U.S. District Judge David Ezra ended the government takeover of Unity House yesterday, although he allowed the court-appointed company that has been running the nonprofit to take an extra four months to wrap up ongoing collection lawsuits and financial negotiations.

Ezra also noted that there is a "serious" ongoing IRS civil audit of Unity House's finances and its status as a tax-exempt organization.

Although Rutledge is required to cut his connection to Unity House, control of the organization will be returned to a Rutledge-friendly board of directors.

Ezra said in court that he didn't know if the plea agreement reached by the government with Rutledge met the ends of justice, but noted: "While there were serious (additional) charges laid against him, they have not been proven, and he is not guilty."

He said the court is required to give the government "a wide bracket of deference" when it negotiates plea agreements.

Rutledge's son, Aaron, a co-defendant in the case, pleaded guilty to a misdemeanor criminal charge of witness harassment and will serve one year of probation.

The two men were charged with multiple counts of fraud and conspiracy in a lengthy criminal indictment returned in December 2004. If convicted of all the charges, they faced a maximum of 53 to 93 years in prison and hundreds of thousands of dollars in fines.

Ezra rejected an earlier, though similar, version of Tony Rutledge's plea agreement in November because it would have allowed Rutledge to return to a position of financial responsibility at Unity House.
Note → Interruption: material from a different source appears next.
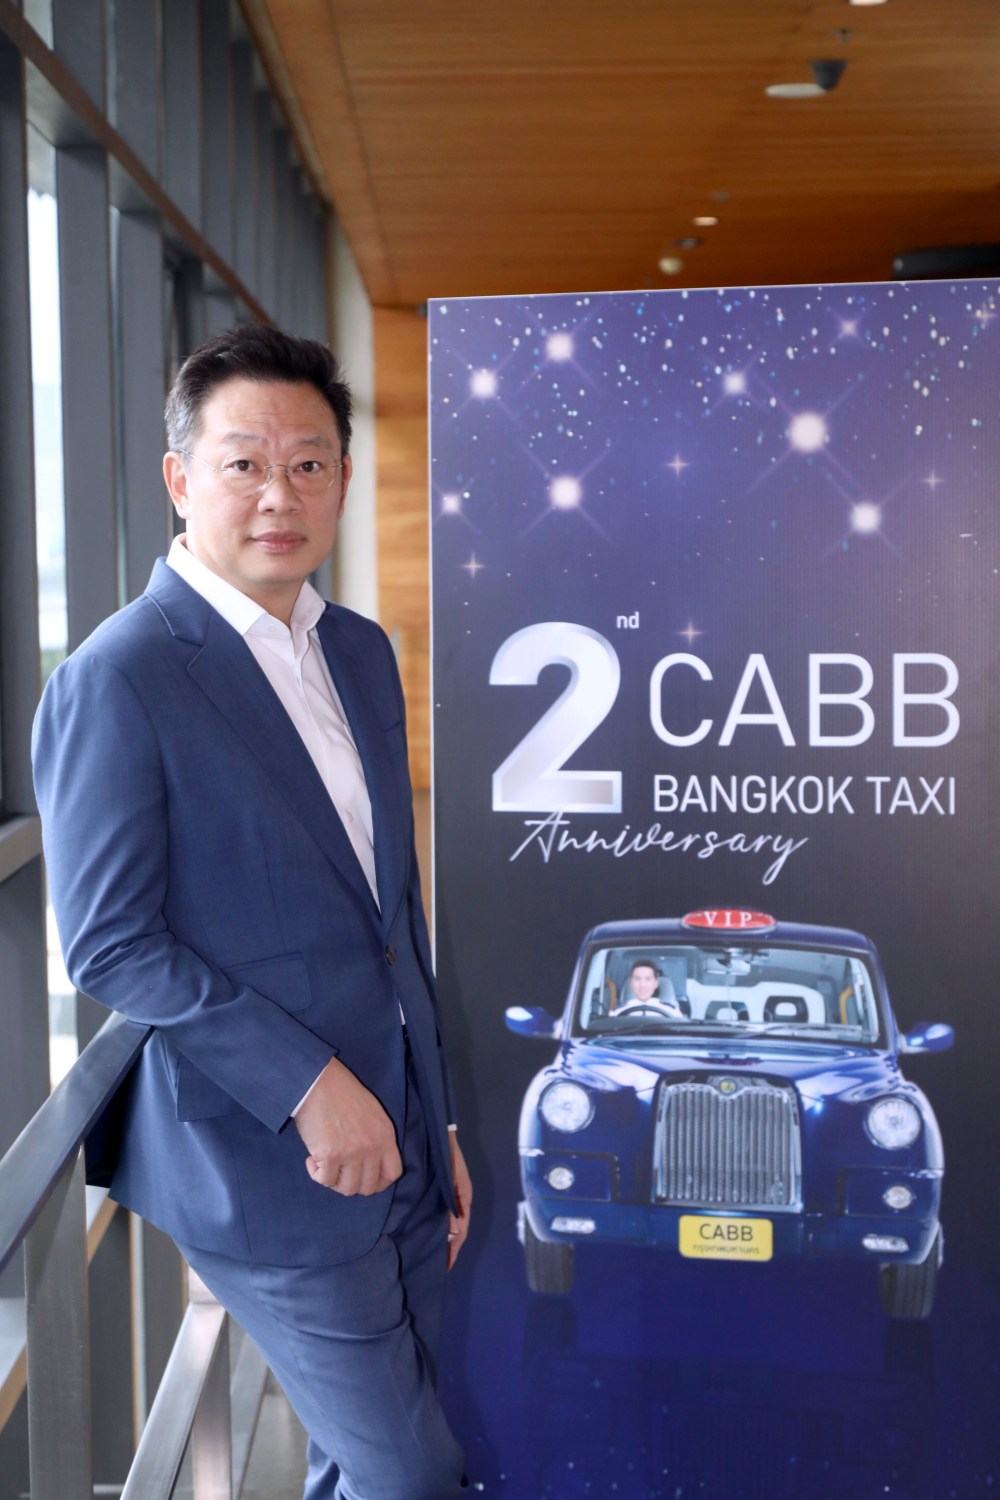 CABB Bangkok Taxi,n CABB Plus, แท็กซี่วีไอพี, สไตล์ลอนดอน, แท็กซี่ส่วนตัวเพื่อคนกรุงเทพฯ, แท็กซี่ป้ายดำ, แท็กซี่ส่วนบุคคล, คนขับแค็บบ์, ผู้เช่าขับ, แท็กซี่ไร้คนขับ

The judge said he again rejected a version of the agreement Friday because he wanted to be sure the court-appointed receiver running Unity House was allowed enough time to complete ongoing activities which are important to the nonprofit's 20,000 beneficiaries.

After the plea deal fell through Friday, an angry Tony Rutledge told reporters that he believed Ezra had been "biased against me for many years" and was part of a "conspiracy" with two former prosecutors in the case, Marshal Silverberg and Edward "Ted" Groves.
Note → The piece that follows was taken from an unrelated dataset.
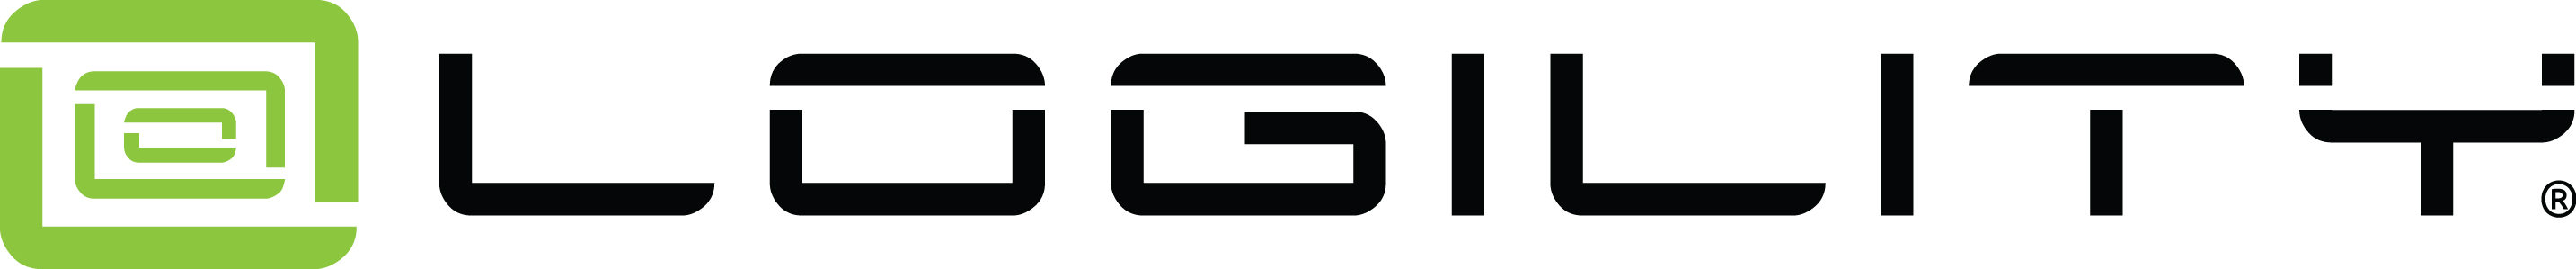 Logility Company Logo

Ezra denied those claims yesterday and said he wouldn't hold the comments against Rutledge.

"In all my years as a judge, that's maybe the first time a defendant has criticized the court before he was sentenced," Ezra said. "Usually it's after."

The prosecutors filed papers justifying the deal, but the papers were sealed because the government said making them public would unfairly expose legal strategies if the case had to go to trial and might cause "embarrassment" to witnesses in the case.

Rutledge's attorney Jeffrey Rawitz had high praise for the new team of prosecutors that took over the government case last summer, and harsh criticism for the two previous prosecutors.

Edmund Power and John Cox, two Washington-based attorneys from the Department of Justice who negotiated the plea bargain with the Rutledges, "are among the most honorable and decent prosecutors I've ever dealt with," said Rawitz.

But former prosecutors Silverberg, an assistant U.S. attorney in Hawai'i, and Groves, a former special attorney with the Department of Justice tax division, "represent the worst of the Department of Justice," said Rawitz.

Elliot Enoki, first assistant U.S. attorney in Hawai'i, said his office couldn't comment on Rawitz's statement. "Review of the conduct of federal attorneys is generally a function of another part of the Department of Justice," he said.

Groves, who left government service last year to go into private practice, in November called the government's plea bargain "a travesty of justice."

The ousted board of directors at Unity House that now moves back into power includes another of Tony Rutledge's sons, Anthony Rutledge Jr.

The plea deal empowers the reinstated Unity House directors to pay more than $1 million in legal fees owed by Tony and Aaron Rutledge. The board also is authorized to pay the men unspecified amounts in "severance pay" as well as compensate them for lost vacation, pension and health benefits.

Ezra must appoint two new members to the Unity House board of directors from a list of five names submitted by the Rutledges and the government. The names include former Honolulu Mayor Frank Fasi, two former city managing directors — D.G. "Andy" Anderson and Robert Fishman — former Unity House public relations consultant James Boersma and Charles La Bella, a former assistant U.S. Attorney in San Diego and Washington, D.C.